- Associated Press - Thursday, May 12, 2016

ANCHORAGE, Alaska (AP) - The law degree was impressive, but it was what Susan Carney did with it that helped get her a seat on the Alaska Supreme Court.

Carney was graduated cum laude from Harvard Law School in 1987, and could have commanded a seven-figure salary anywhere she wanted to work.

Instead, she came to Alaska to clerk for Alaska Supreme Court Justice Jay Rabinowitz in Fairbanks. She then went to work for the public defender’s agency and then the Office of Public Advocacy.

Many people will get in a few years of experience at such places and move on.

“She didn’t and she stayed,” Gov. Bill Walker said. “I was touched by that, and I was really touched by her rural Alaska experience.”

Walker introduced Carney Thursday at the Alaska Bar Association convention in Anchorage. She will replace Justice Dana Fabe, who retires June 1. When Fabe was with the Public Defender Agency, she hired Carney at the Anchorage office.

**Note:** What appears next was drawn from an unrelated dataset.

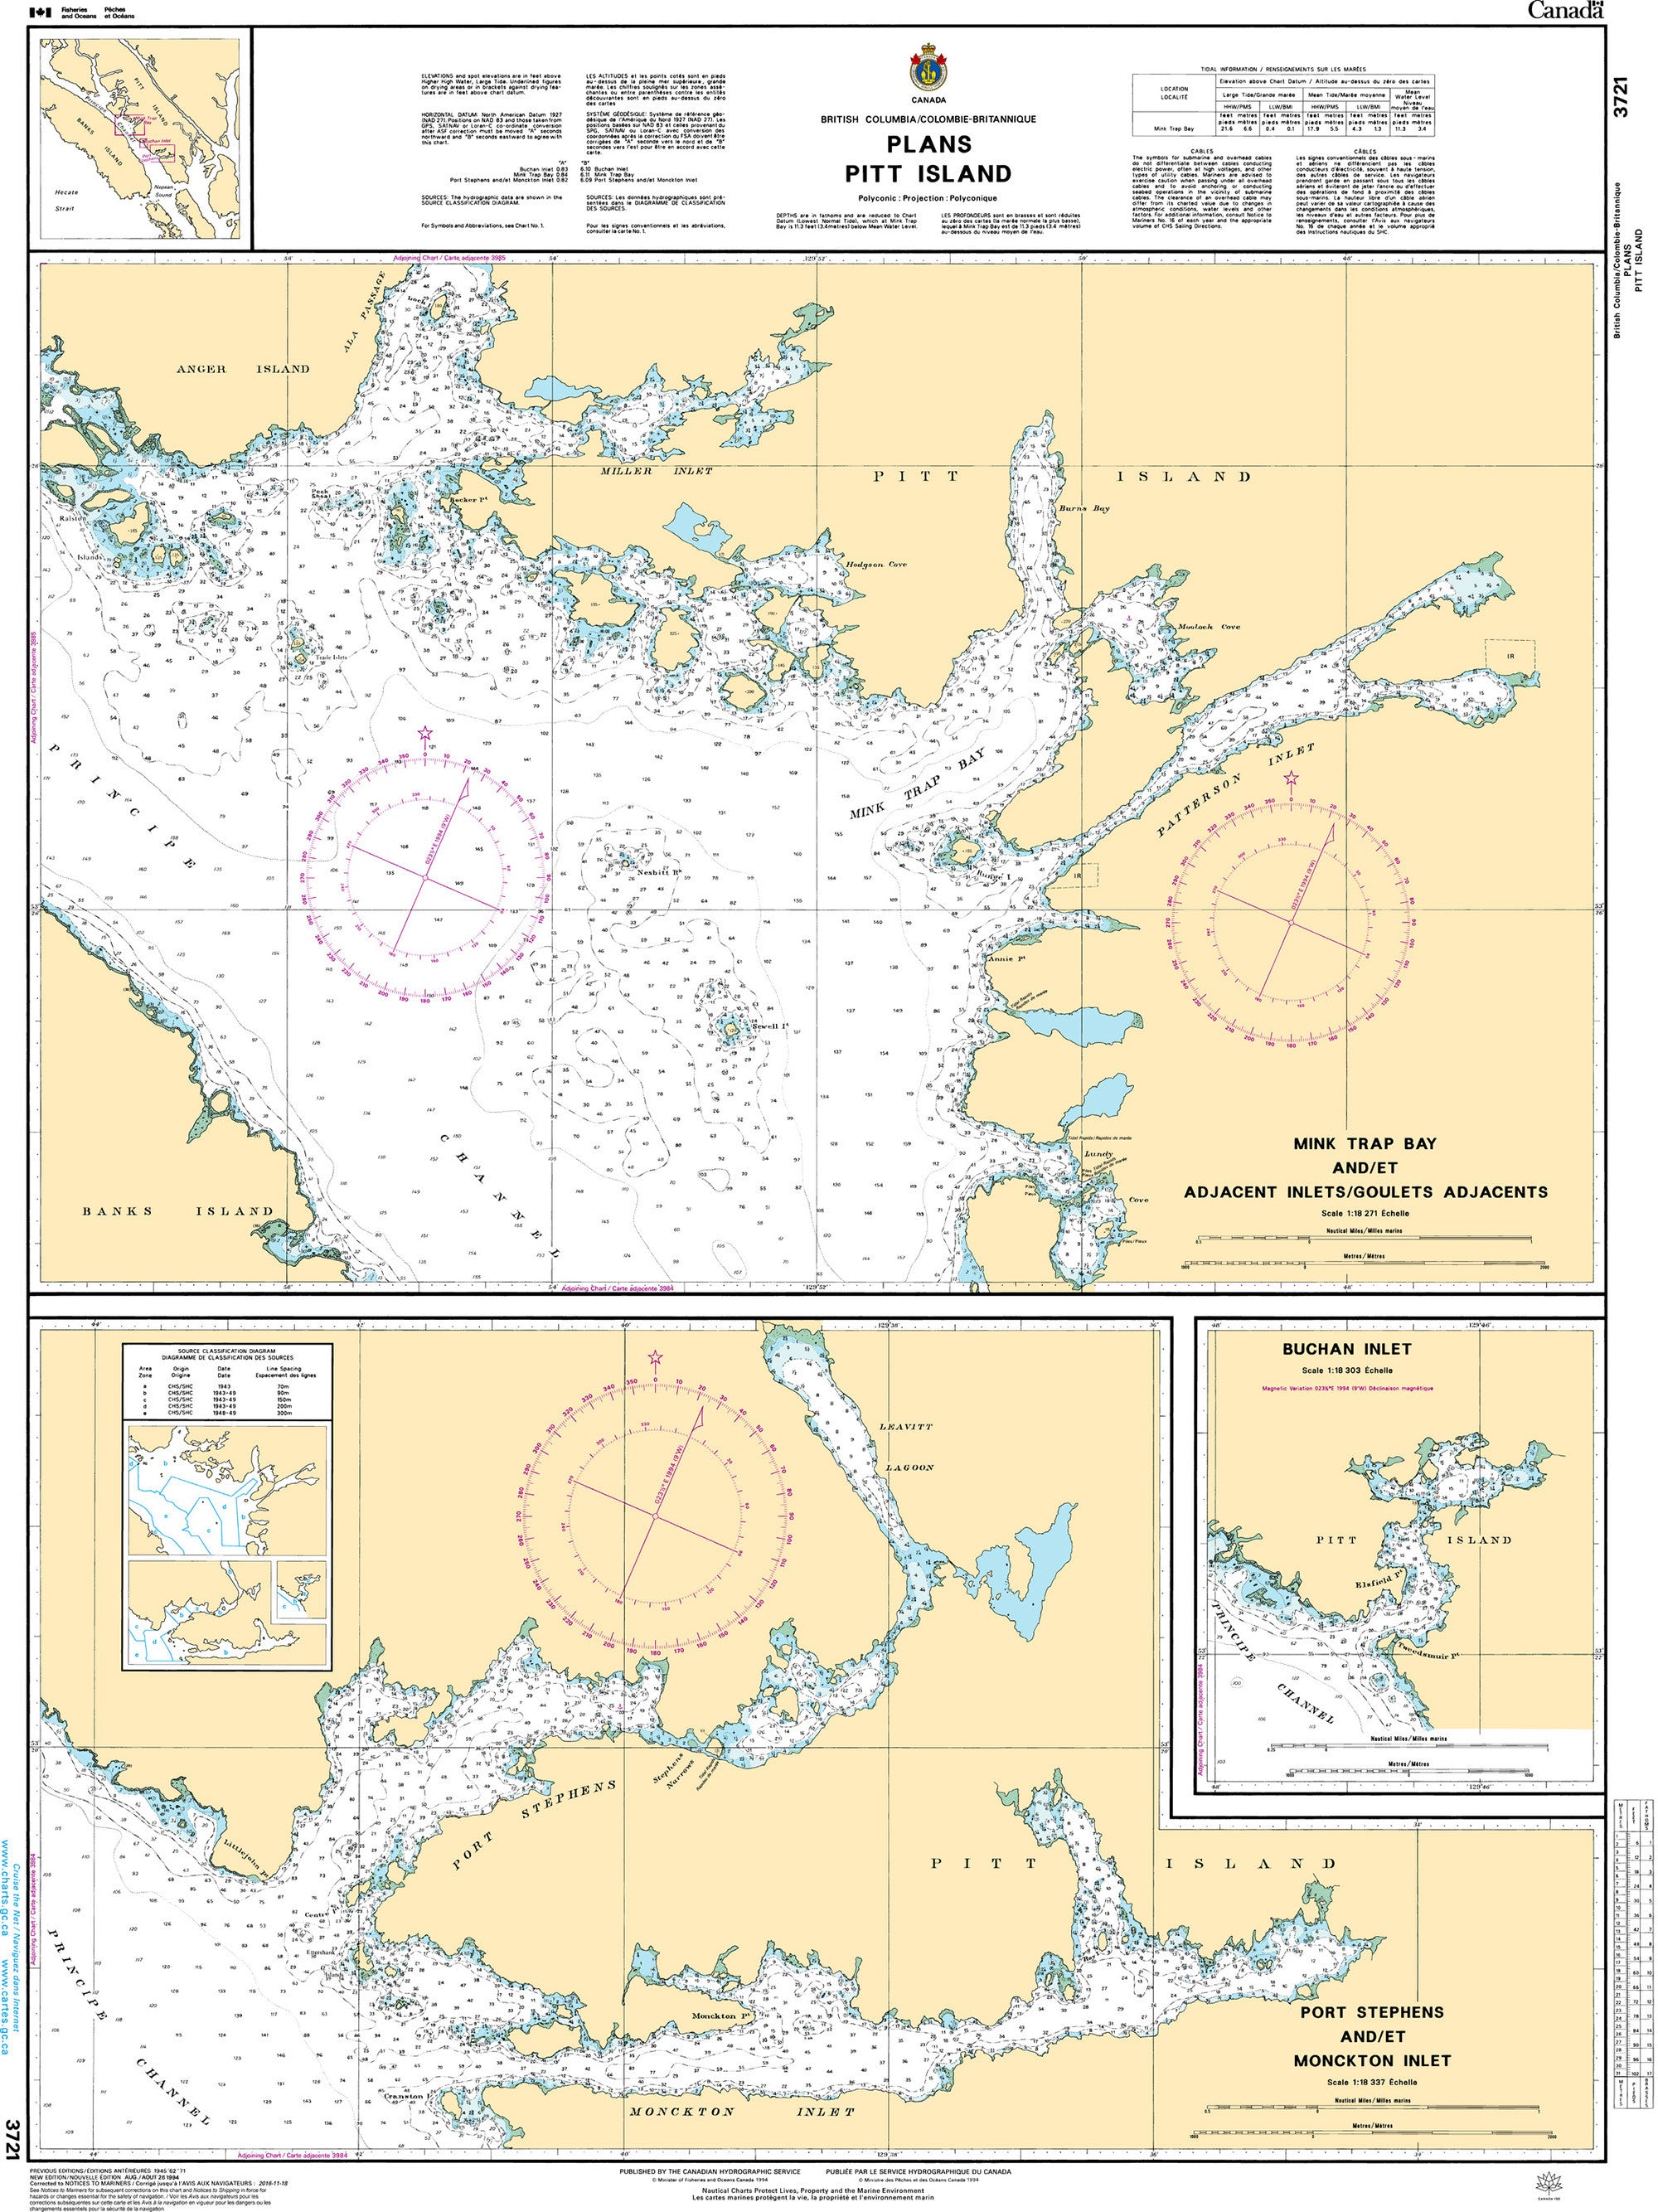 Canadian Hydrographic Service Nautical Chart CHS3721: Plans Pitt Island

Attending the ceremony with Carney were her husband, Pete Graveman, their son Sam, and appearing virtually was their daughter, Rebecca, watching the ceremony from college in Rhode Island via her Dad’s phone. Walker also said he called Carney’s mother, Margaret, in Worcester, Massachusetts, Thursday morning to give her the news.

After the announcement Susan Carney told reporters she was “still stunned and overwhelmed,” adding she was thankful and honored by the appointment.

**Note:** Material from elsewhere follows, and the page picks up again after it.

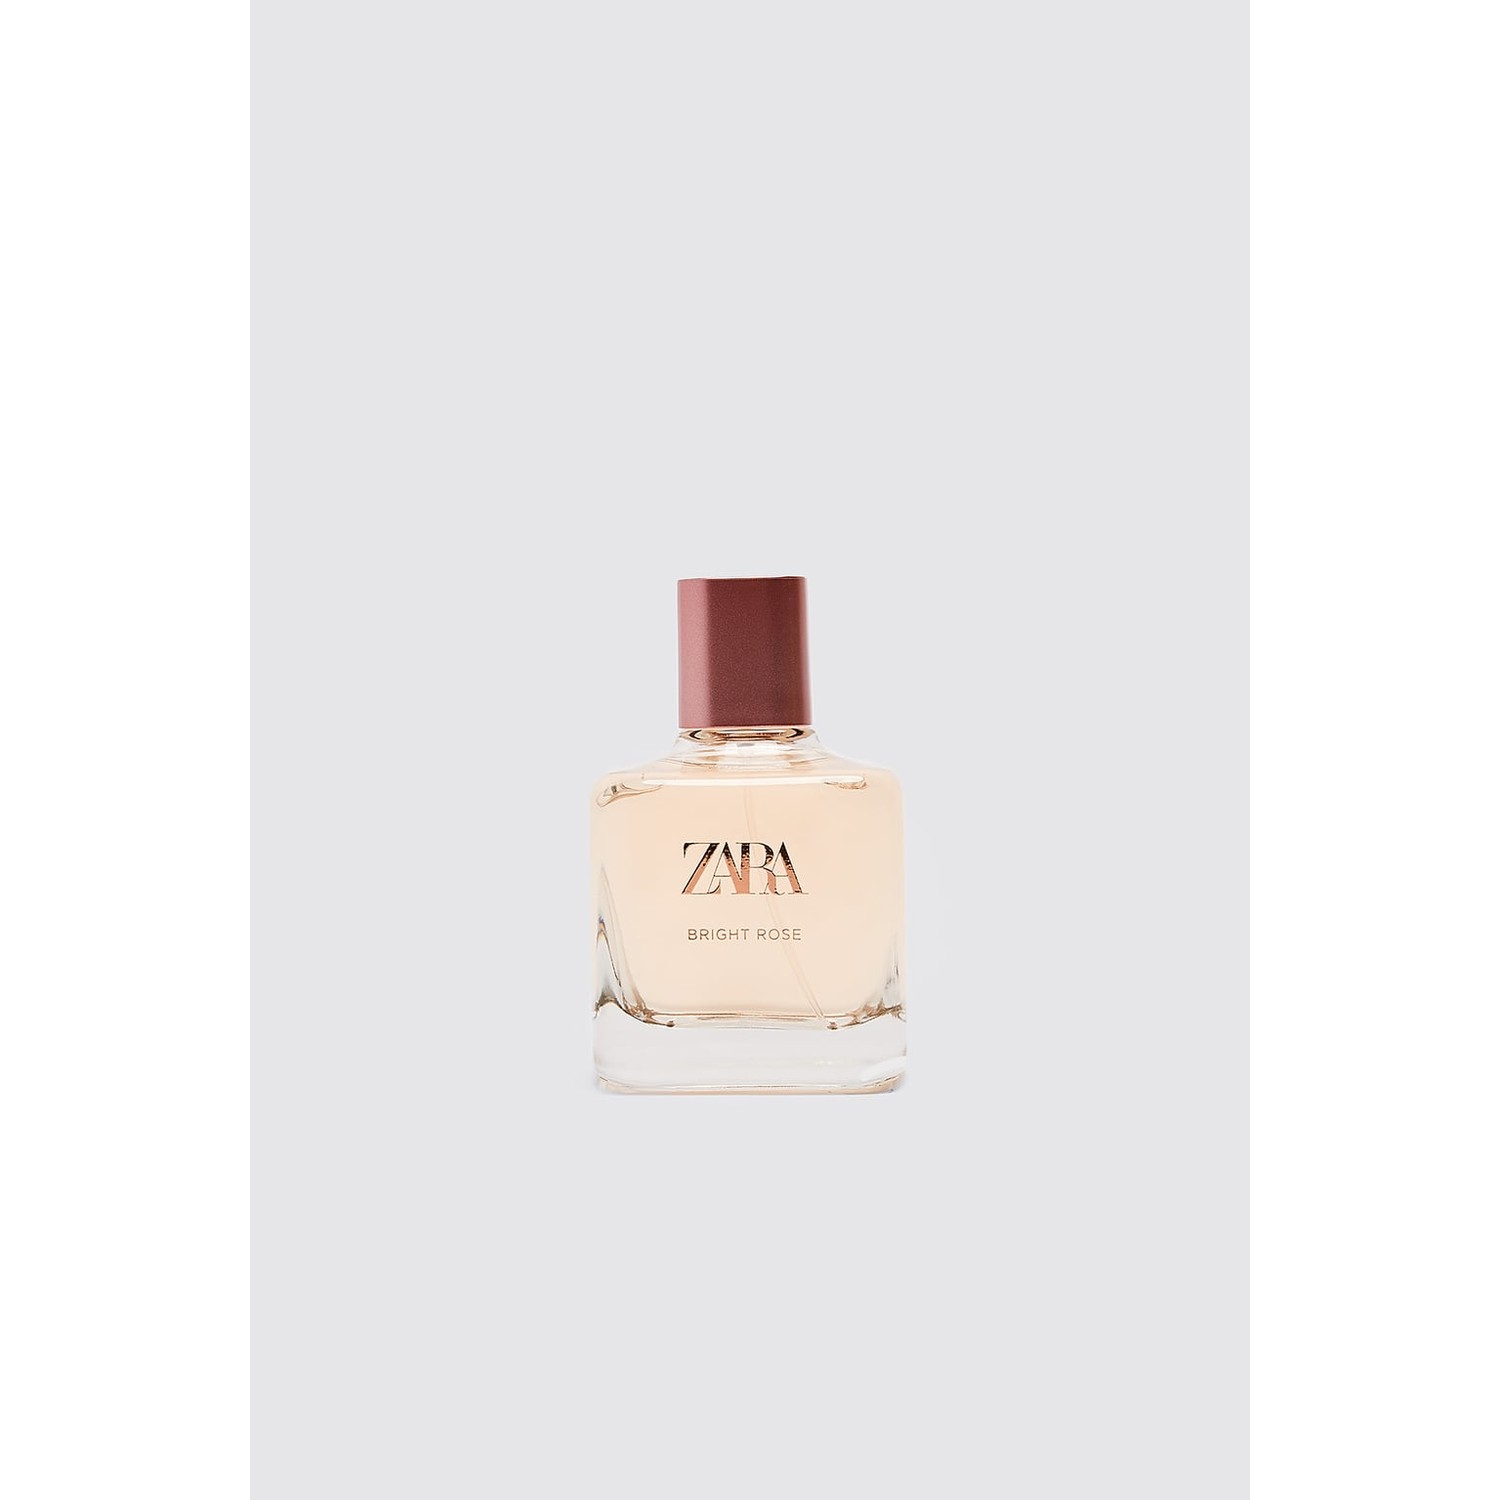 zara bright rose perfume

Carney said she’s certainly not the first female voice on the Alaska Supreme Court. Fabe has served for over two decades, and Judge Morgan Christen was appointed to the court in 2009 and served until President Obama named her to the United States Court of Appeals for the Ninth Circuit.

Carney said she doesn’t know how her conversations with the other four males on Alaska’s highest court will go.

“I think obviously being a woman is different. So is being from Fairbanks. So is being a trial-level public defender, so I think that each of us brings very different skills and contributions to all of the cases.”

Both Walker and Carney said they anticipate her work in rural Alaska and with more than 150 trials will bring other perspectives to the court.

“I think 20 some odd years of doing trials with people all over the state gives me different, real hands-on experience and hopefully a little better understanding of where people are coming from, who don’t live in Anchorage, don’t live in Fairbanks,” she said.

She was among four finalists for the position, as recommended by the Alaska Judicial Council on March 31.

The other finalists were Anchorage Superior Court Judge Andrew Guidi; Anchorage private attorney Jahna Lindemuth, and Juneau Superior Court Judge Philip Pallenberg.

“All the four brought something special to the table, and sort of made it much more challenging to me,” Gov. Walker said.

“I could not have made a bad choice, but I just felt that Susan was the one that I thought would be the best fit for the court,” he said.

He said he called the three who didn’t get the position on Thursday, and encouraged them to apply for future openings.

Carney said she plans to continue living in Fairbanks. “It’s my home,” she said, adding she’ll commute to Anchorage when needed for court business.

Carney said there’s historical precedence for that, with the late Rabinowitz and current high court Judge Daniel Winfree flying to Anchorage as needed.